Sometimes, it will shock you how satisfying the simplest things can be. I'll tell you something. Once, when I was in secondary school, in form four, I used to sit out on the field in the evenings to watch the sun set. Me and two friends of mine. One was called Jiles (short for Ighile) and the other one we nicknamed Bolo. And when it was night, we would watch the stars and tell stories, and wonder why it was so important to know the nineteenth element on the Periodic Table. What?
That was the time in my life I used to turn back to look at the mechanics working at the entrance to Ojuore GRA. Every time we drove by, I would turn to look at this particular mechanic with his ragged oil stained clothes, and I would envy him. Because he looked so – honest to God – happy. Now (that I'm grown up), of course, I agree with my mum. She said, 'You'll thank me later. But, no, you cannot drop out of school to become a mechanic.' Because life is not that simple, and nothing is exactly as it looks.
You know, I think it was a search for meaning. Because rap didn't make much sense to me either, and it didn't matter much that liking it was synonymous with being cool. You see, I wasn't cool. No, no, it's okay. You don't have to protest. I really wasn't cool. I didn't know labels or brands, makes of cars, or the release dates for the latest versions of Street Fighter.
So, on my first day at Uni, when every department seemed to require a passport picture, I walked out the school gates to a roadside photographer. The camera sat on a long tripod, and was covered with a black cloth, underneath which he disappeared to snap me. I tell you, in this life, I have never been uglier than in those sets of pictures. But I didn't care. I still used one of them on my i.d. And, one day, when that i.d fell out of my pocket accidentally, the guys standing around for a lecture had a good snigger. Honestly? I thought it was a bit rude, seeing as I hardly knew them and they hardly knew me. But there was this one guy who didn't laugh, just picked it up and gave it back to me. His name was Ja'afaru.
We're still best friends, and sat many evenings, legs dangling down the rough brick wall that fenced off the hostels, just talking. He was the one that asked me, 'Why don't you like rap?' And I said, 'I don't understand what they're saying.' So, he said, 'Either let me fly, or give me death. Let my soul rest, or take my breath. If I don't fly, I'll die anyway. I better move on 'cos I'll be gone any day.' Then he added, 'That's DMX.' I still sing it to myself, you see.
And so, the other day, when it was raining like someone had opened a trapdoor in heaven, I said to my people, 'Hold on, let me bring the car closer'. I did, backing the 406 right up to the corridor where they were all standing, with bags of shopping, before popping the boot open. But the really fun part was when we started going in one by one, squealing through the rain and into the car. First the two year old, then the four year old, then me, then her. You know how it is, don't you? When it's dark and rainy outside, but you have everyone you love in the car with you, plus each one's favorite chocolate? So, we just sat there, engine running, watching the water streaking down the windows.

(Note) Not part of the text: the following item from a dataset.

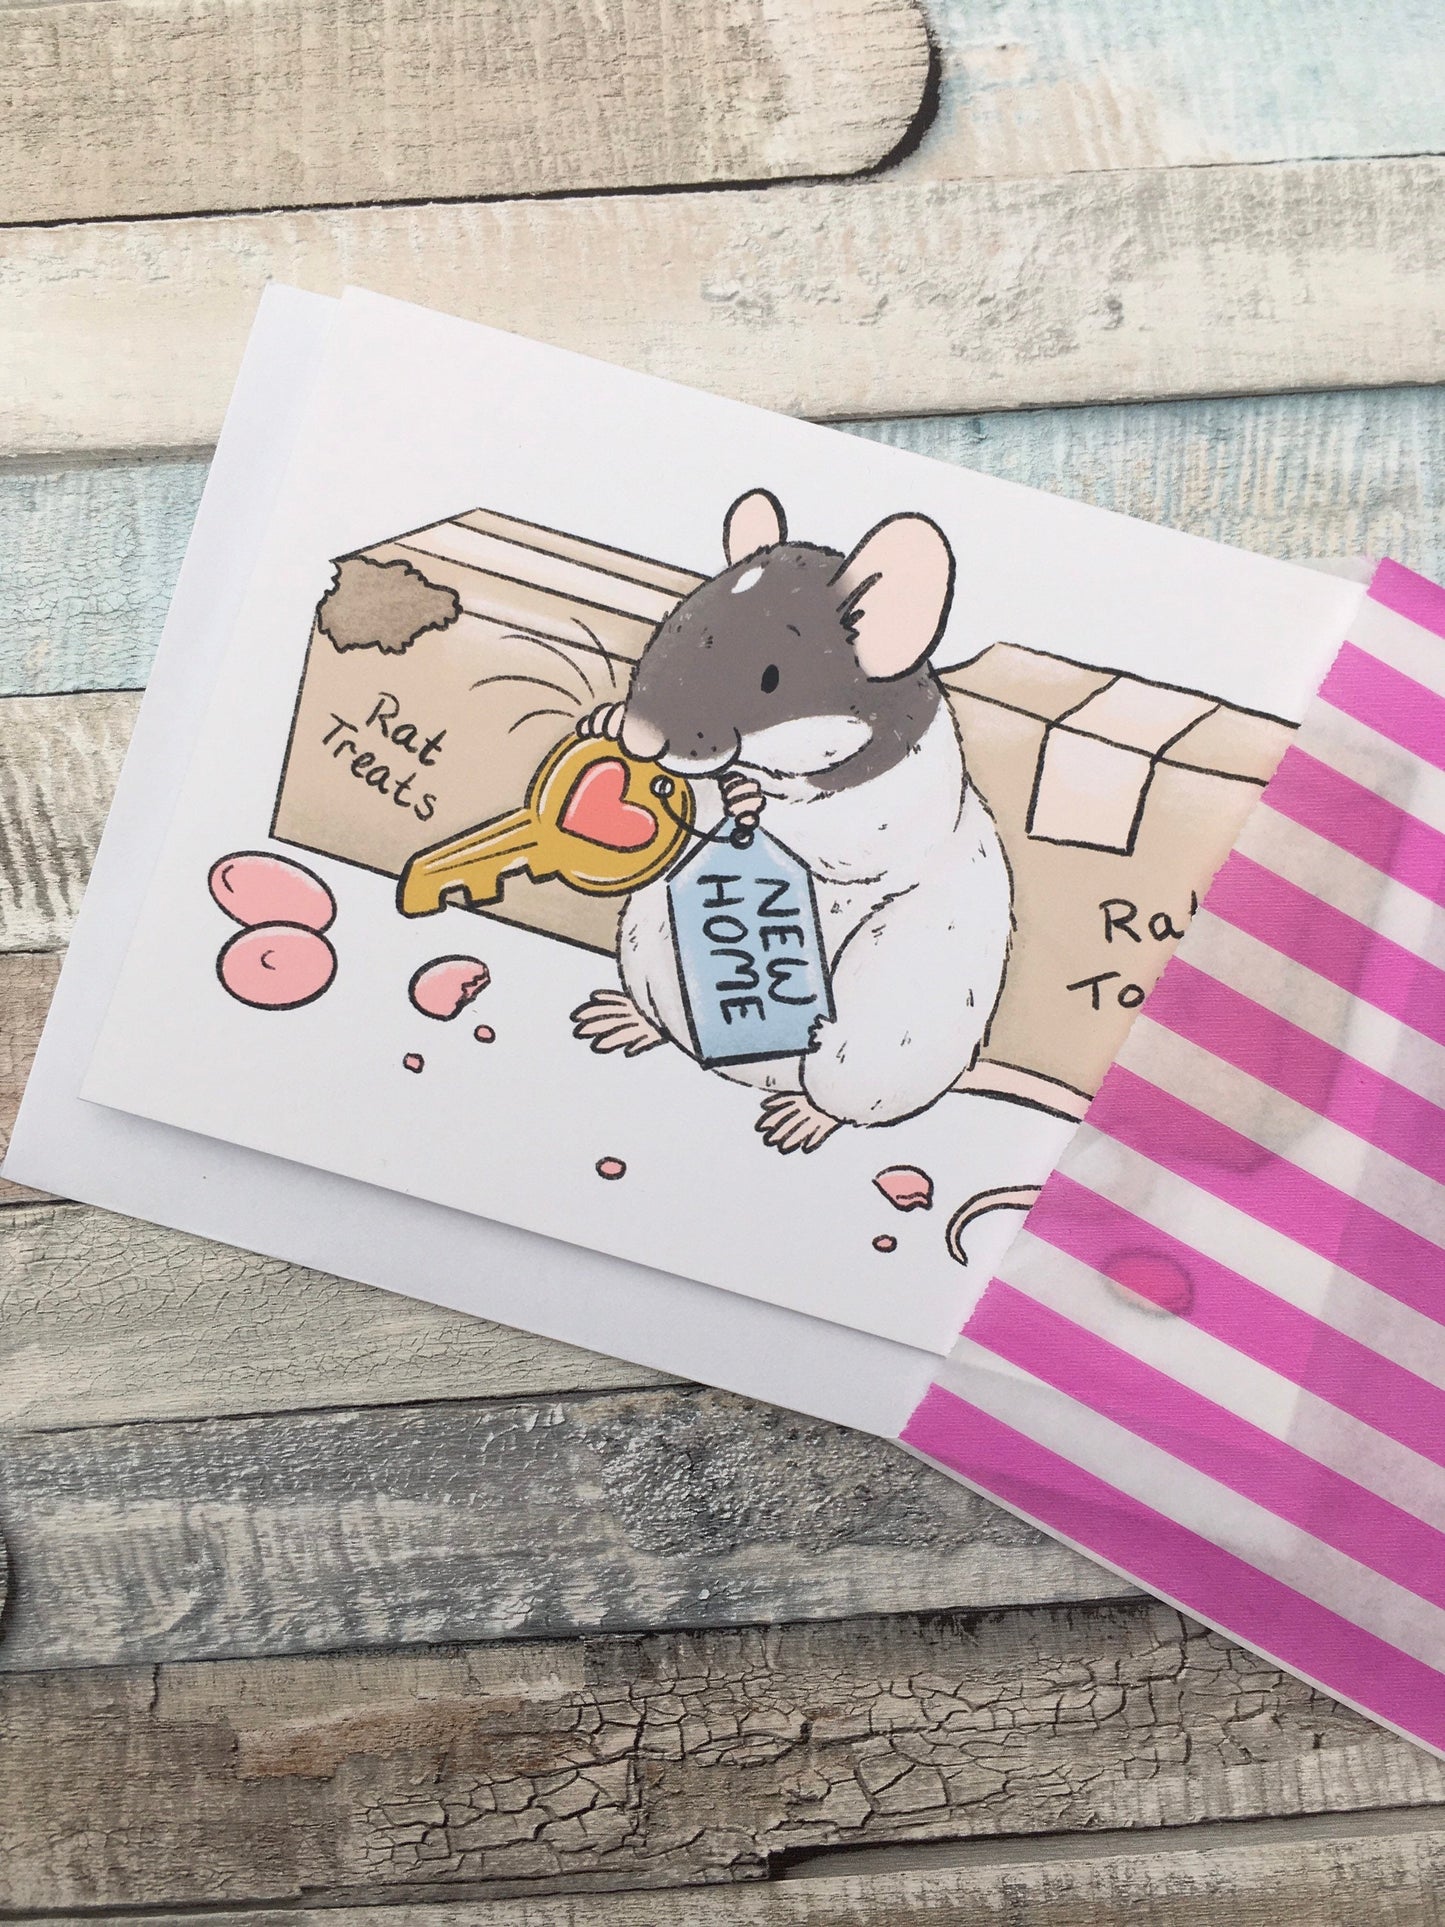 New Home Cute Rat Greeting Card - A6 Size With White Envelope - Fancy Rat Art - Moving, New Home Card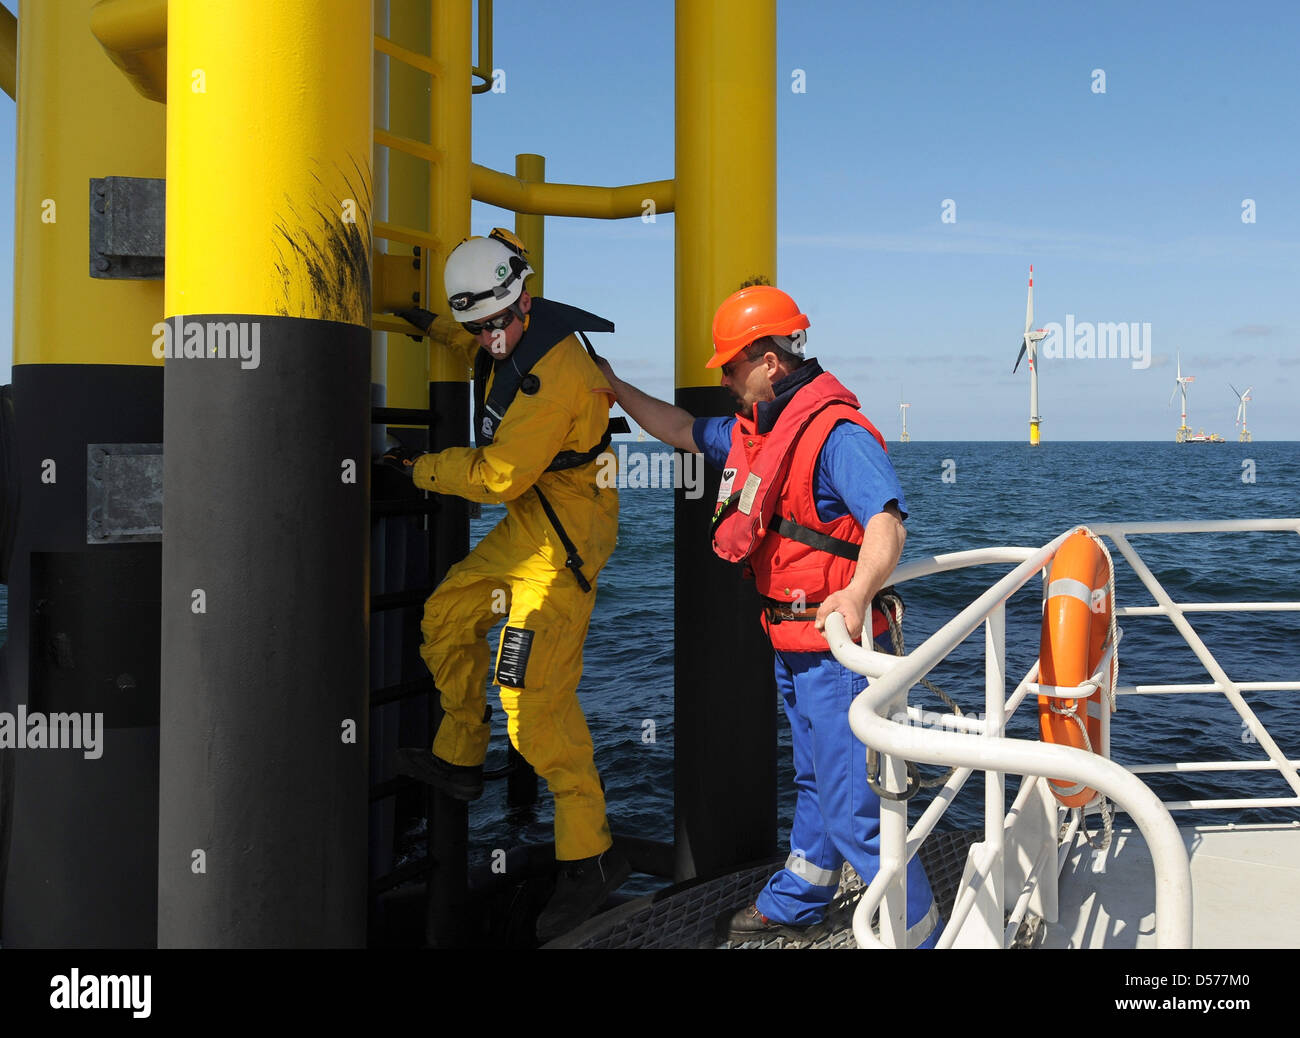 EWE network technician Rainer Juetting (L) and his colleague of 'Frisia' Sascha Reinert (R) seen onboard the maintenance ship 'Wind Lift 1' during a deployment at the offshore windpark 'Alpha Ventus' 45km off the coast of Borkum island, Germany, 23 April 2010. The park is the first of its kind in Germany and will officially be inaugurated on 27 April 2010. The joint venture between Stock Photo

Honestly? To me, that's what a fairytale is. Because, in this life, there are too many things we do just so other people think we're happy or successful or intelligent or good-looking or whatever, like take science courses instead of arts, or a glass of beer when you know you should be drinking water. But being myself has brought me good things. You know what? I'm glad I didn't become a mechanic. That wasn't really the point.